|31 JANUARY 2013|
Life Length, has announced that it has been accepted as a partner in the Frailomic Study which has been granted €12 million in financial support under the FP7 program funded by the EU. Life Length has been assigned a budget of €830,000 for its portion of the work which will consist of telomere measuring using its proprietary Telomere Analysis Technology (TAT).
Frailomic is a project with 20 European leading academic institutions and companies that will carry out the five-year study to establish biomarkers to determine risk of frailty. Other participants in the study, from more eight countries include the World Health Organization, Universitat De Valencia, University Of Bedfordshire, Friedrich-Schiller-Universitaet Jena among others. With 75,000 participants from eight cohorts this study will be important to validate the questions of frailty. Frailty is considered highly prevalent in old age and to confer high risk for falls, disability, hospitalization, and mortality.
Frailty has been considered synonymous with disability, comorbidity, and other characteristics, but it is recognized that it may have a biologic basis and be a distinct clinical syndrome. A standardized definition has not yet been established. Recent documents stress the necessity of testing the clinical utility (in terms of risk prediction, diagnosis validity and prognostic significance) of the existing definition of frailty by using combinations of clinical criteria (current definition) and lab Biomarkers (BMs).

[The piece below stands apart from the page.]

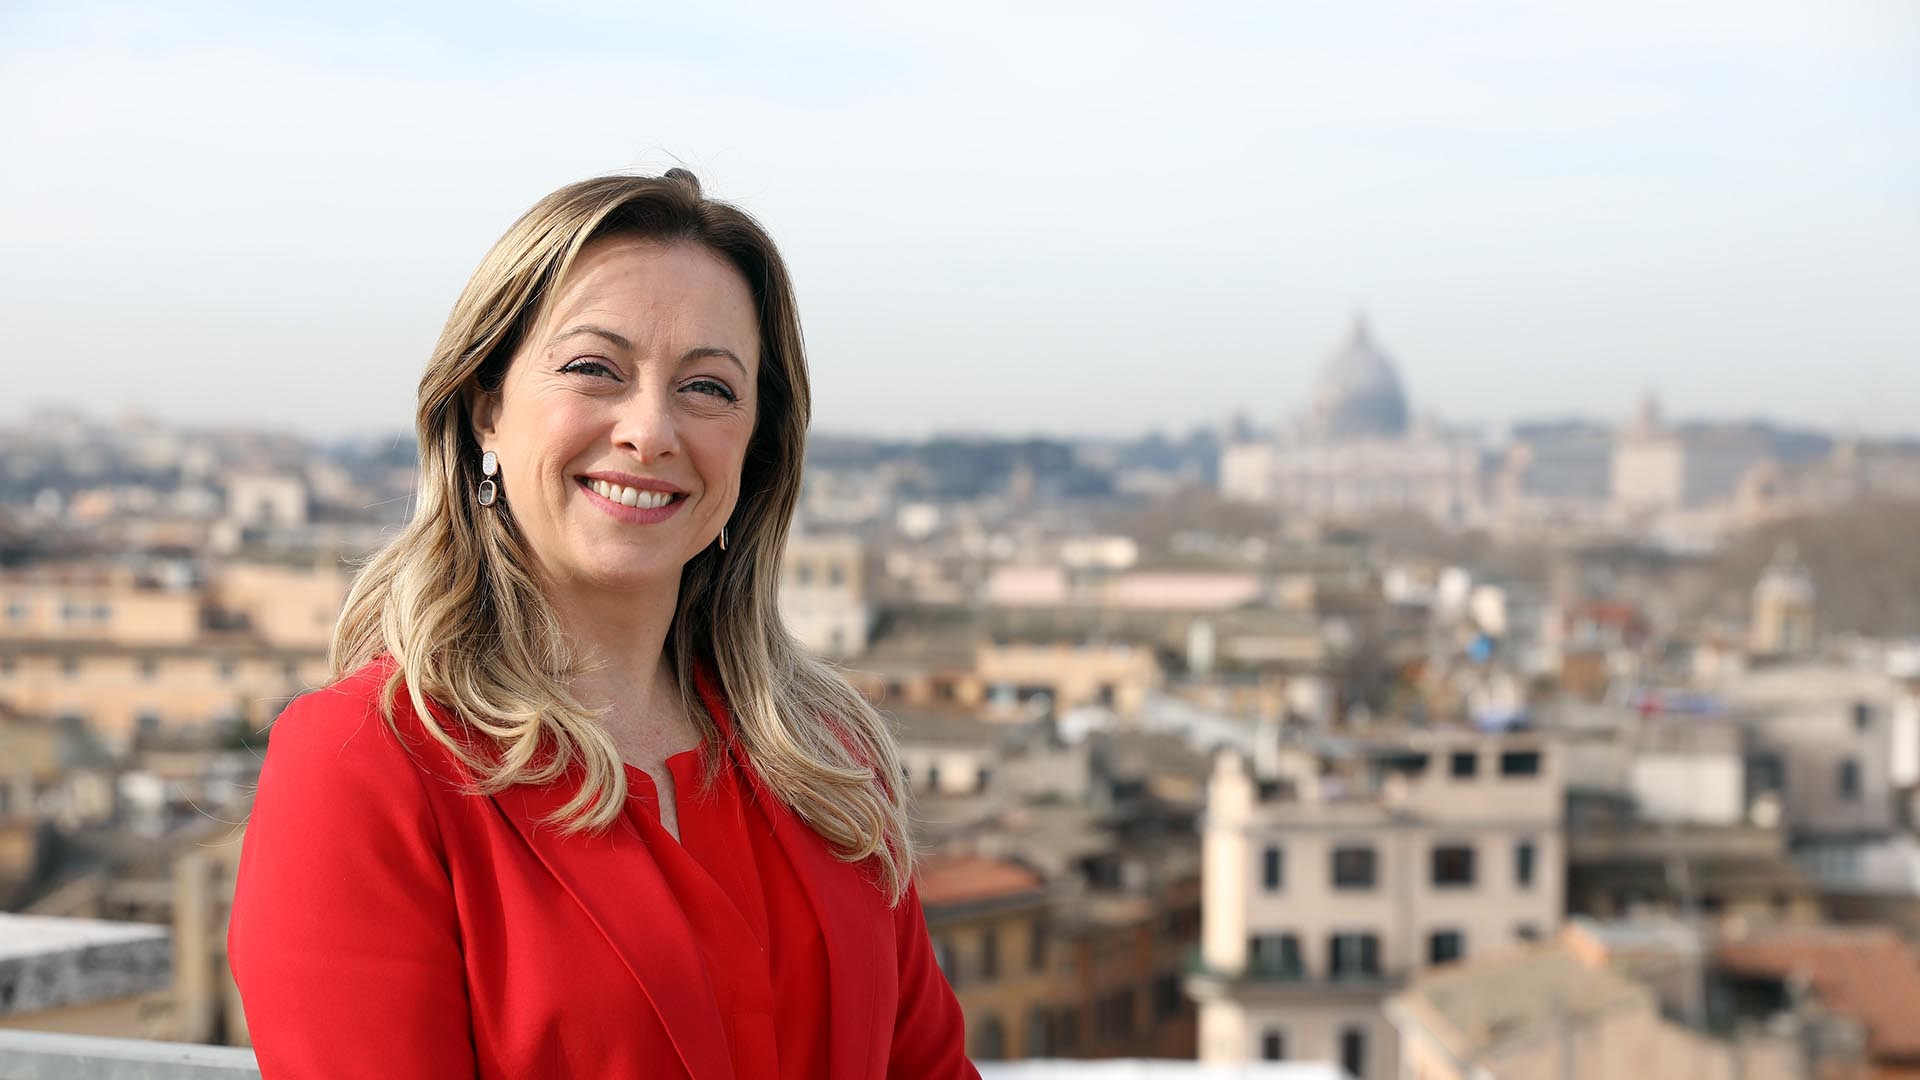 BAM! News - Le choc: Meloni élue première femme chef de gouvernement en Italie
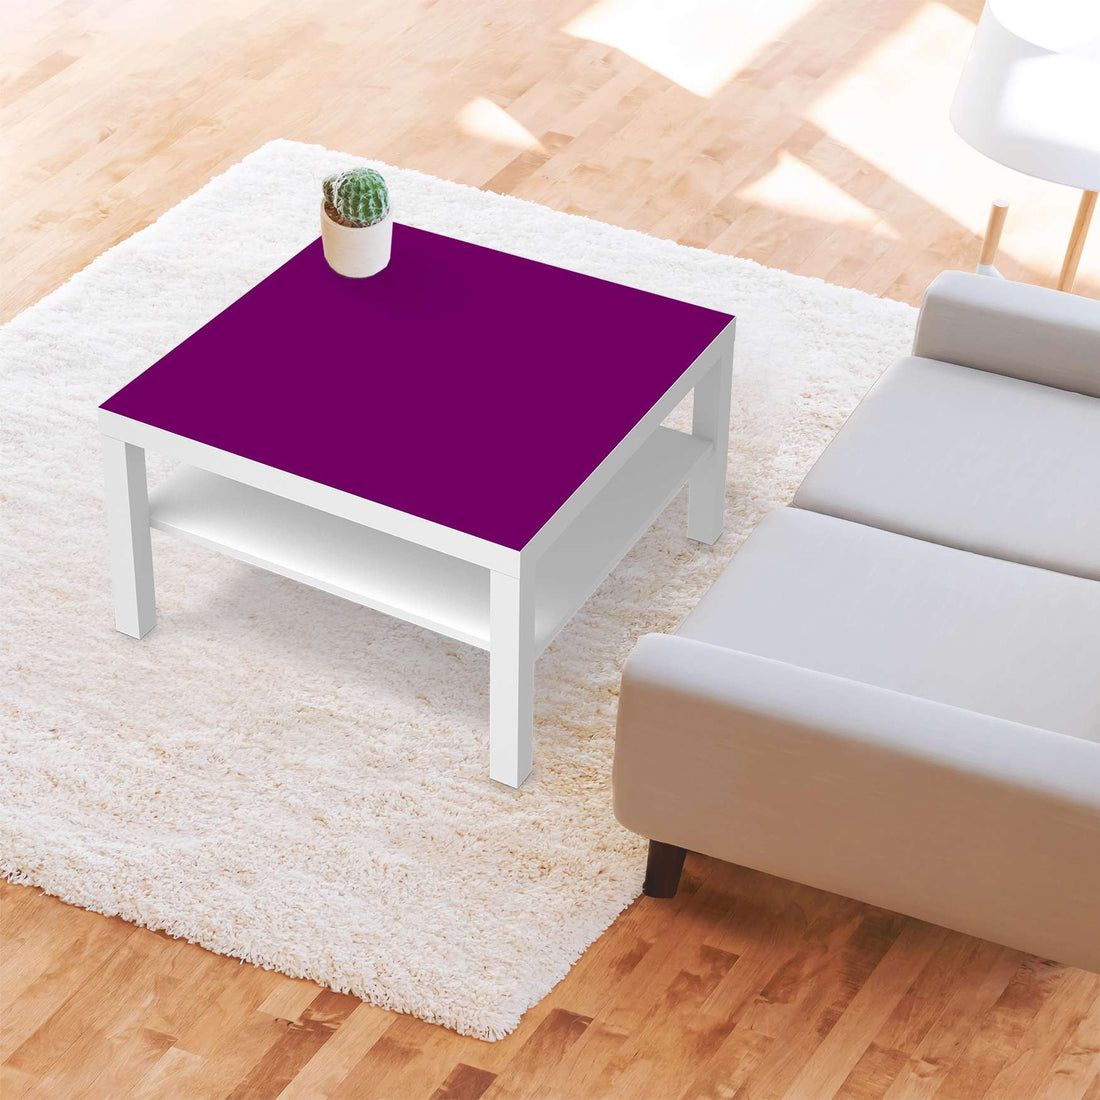 Selbstklebende Folie Flieder Dark - IKEA Lack Tisch 78x78 cm - Wohnzimmer

A wellbalanced consortium distributed over the individual tasks in the respective work packages will carry it out, with a strong participation of SMEs. In summary, the Frailomic Study is original, relevant, pertinent, feasible and will overcome the usual research bottlenecks on biomarkers. Stephen Matlin, Life Length, CEO noted, “Telomere Analysis Technology (TAT) is already considered by many as a crucial biomarker for the detection of the risk of age-related diseases.
Life Length’s participation in this study stresses the importance of using this biomarker as a tool to understand aging and maintaining health. Aging is already becoming one of the crucial policy and health issues in the 21st century.”